Work instruction: The whole listing below must be printed again exactly, images excluded.

Supplied information:
Start of Block
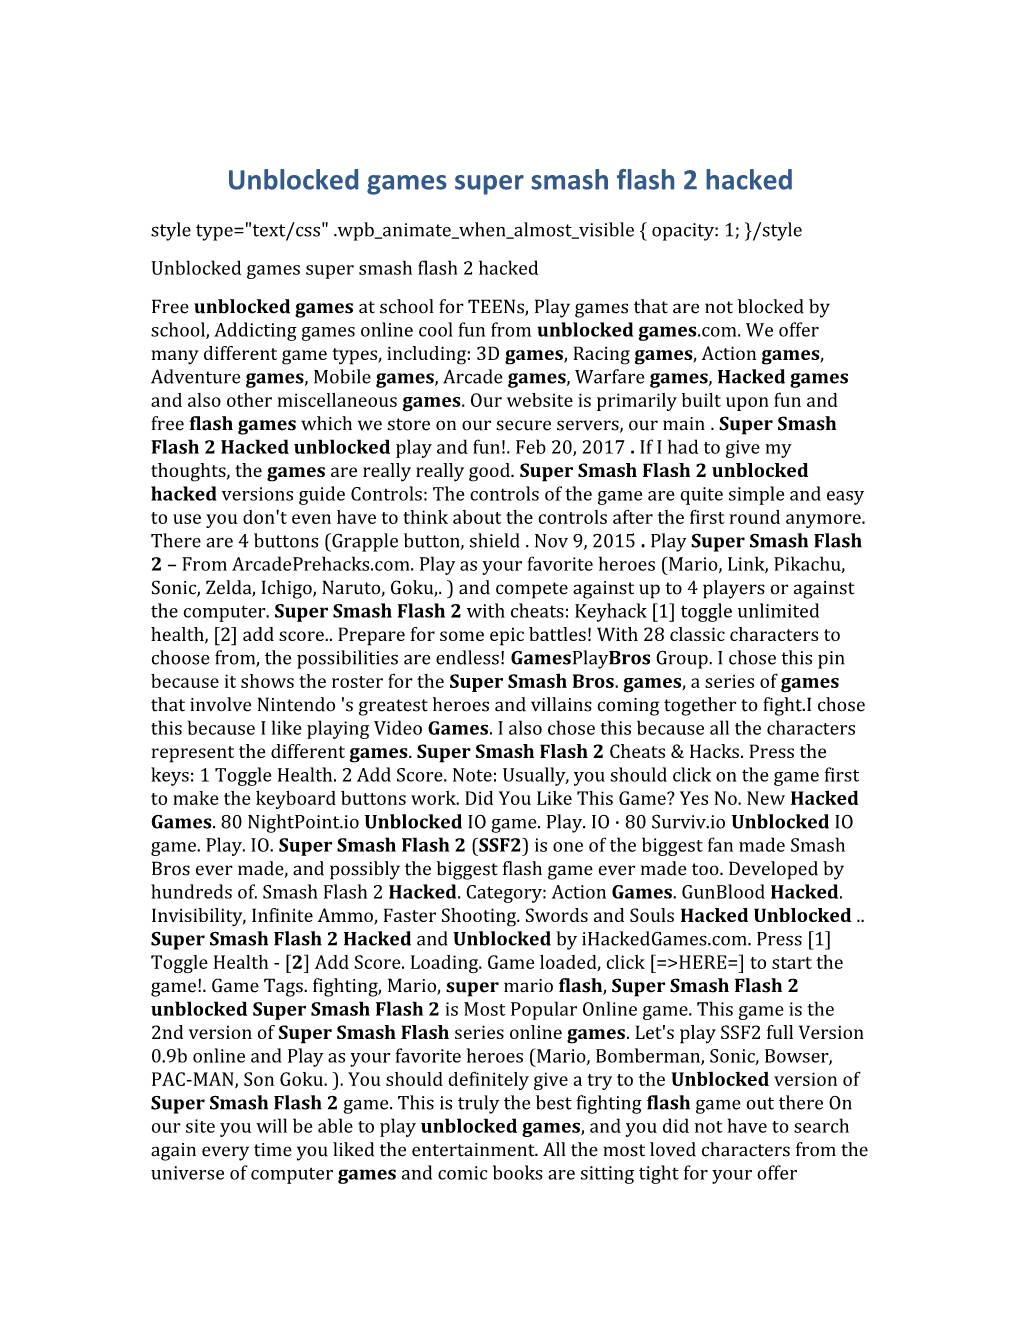 Unblocked Games Super Smash Flash 2 Hacked
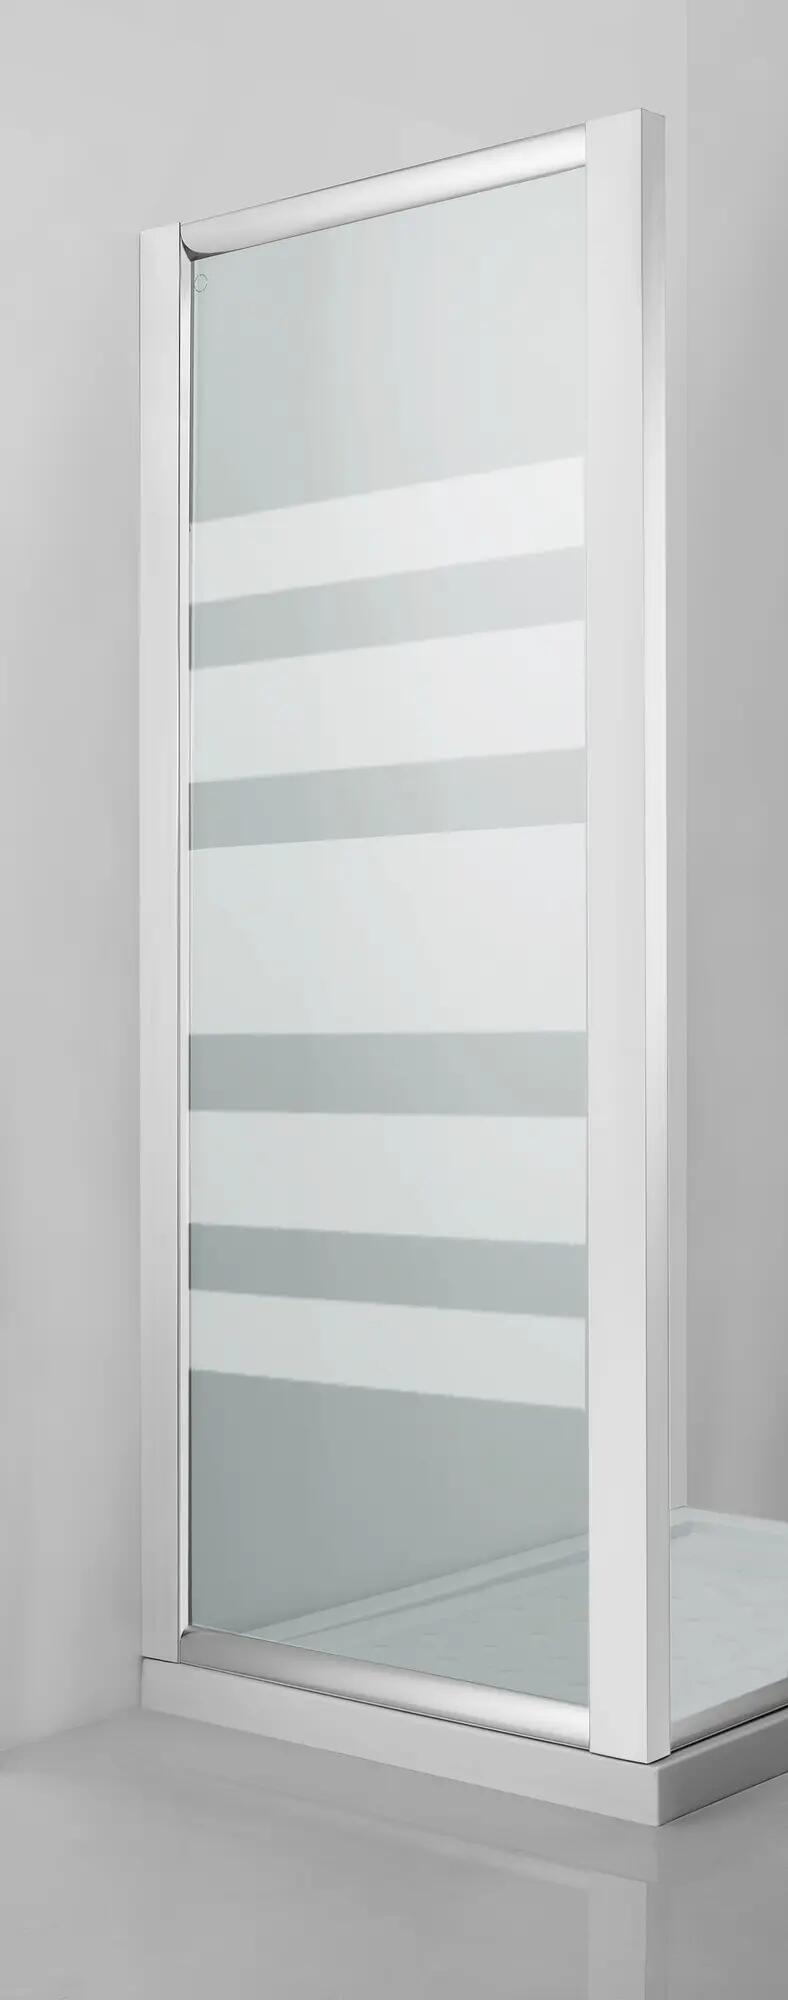 Mampara pokaak serigrafiado perfil blanco 80x185 cm
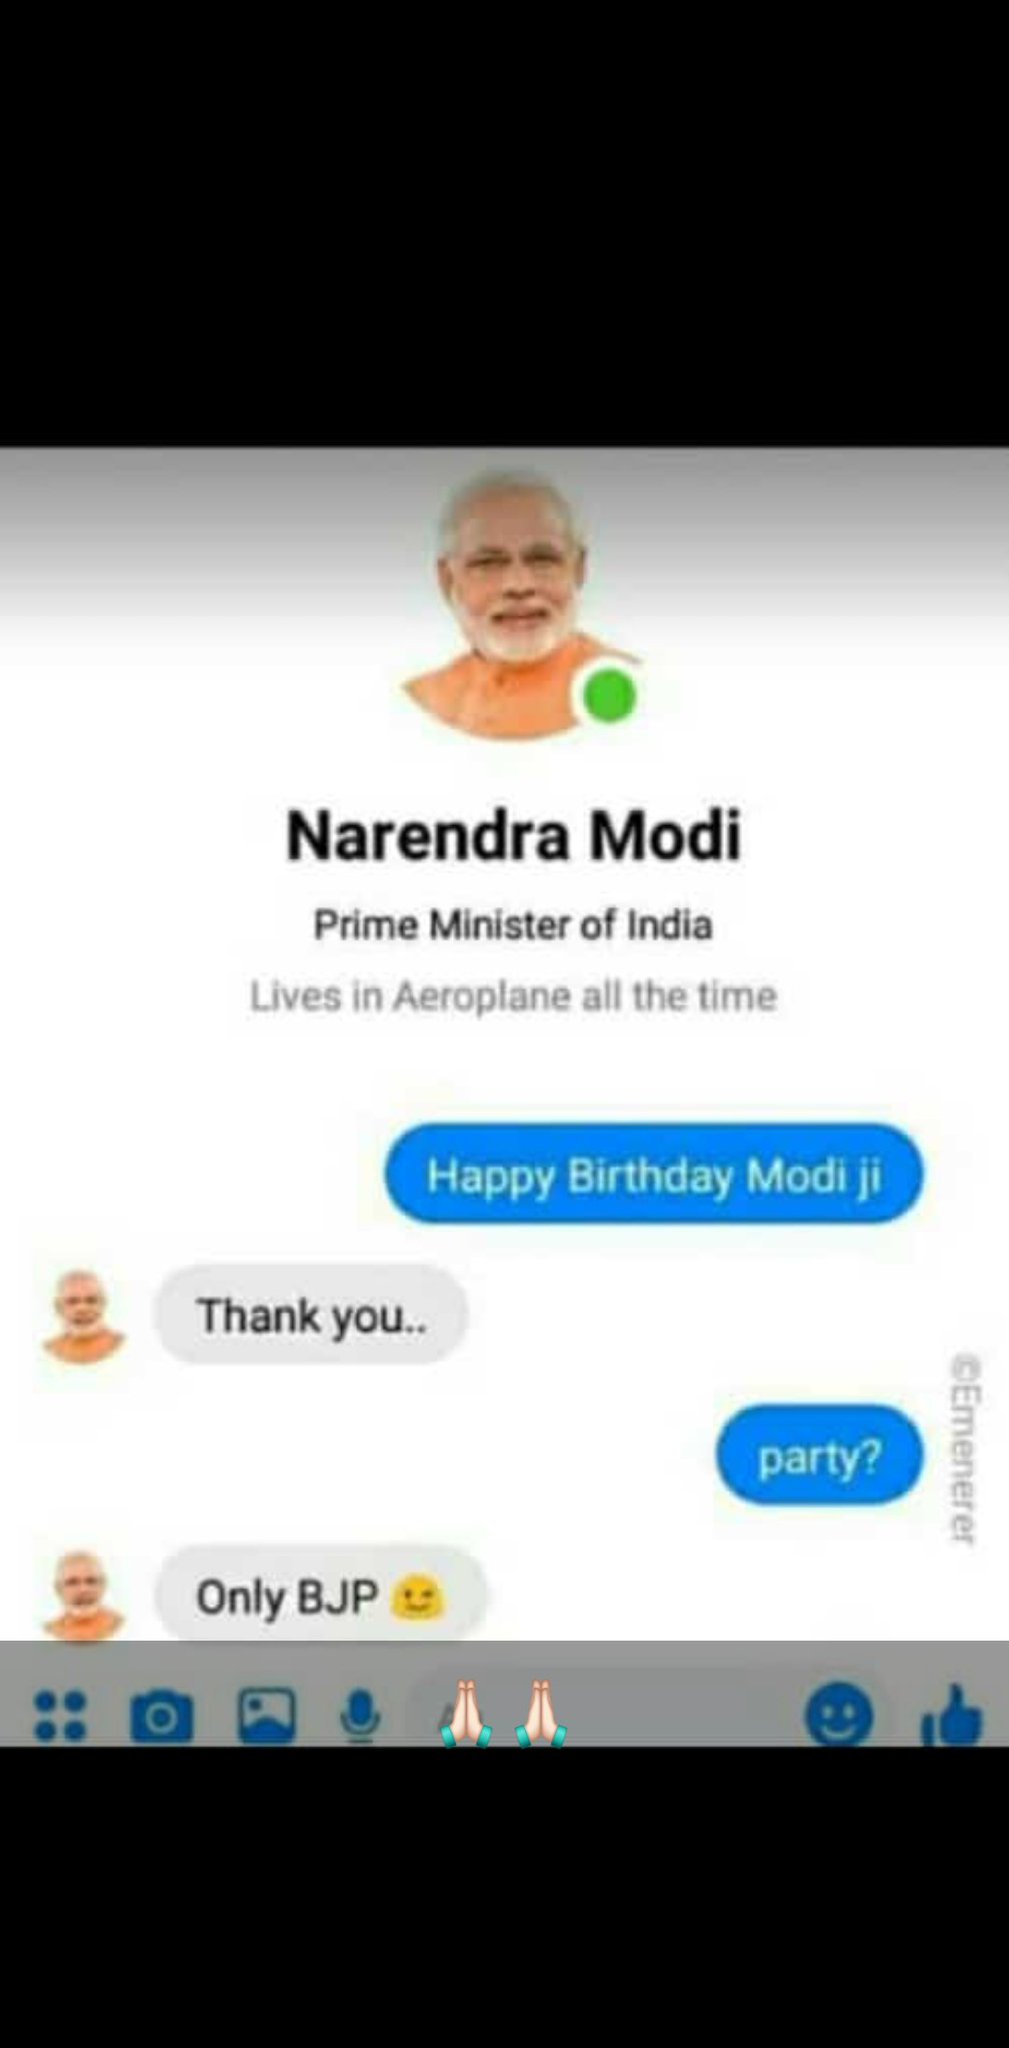 Happy birthday Narendra Modi ji
End of Block
Completed exercise:
 Unblocked Games Super Smash Flash 2 Hacked
 Mampara pokaak serigrafiado perfil blanco 80x185 cm
 Happy birthday Narendra Modi ji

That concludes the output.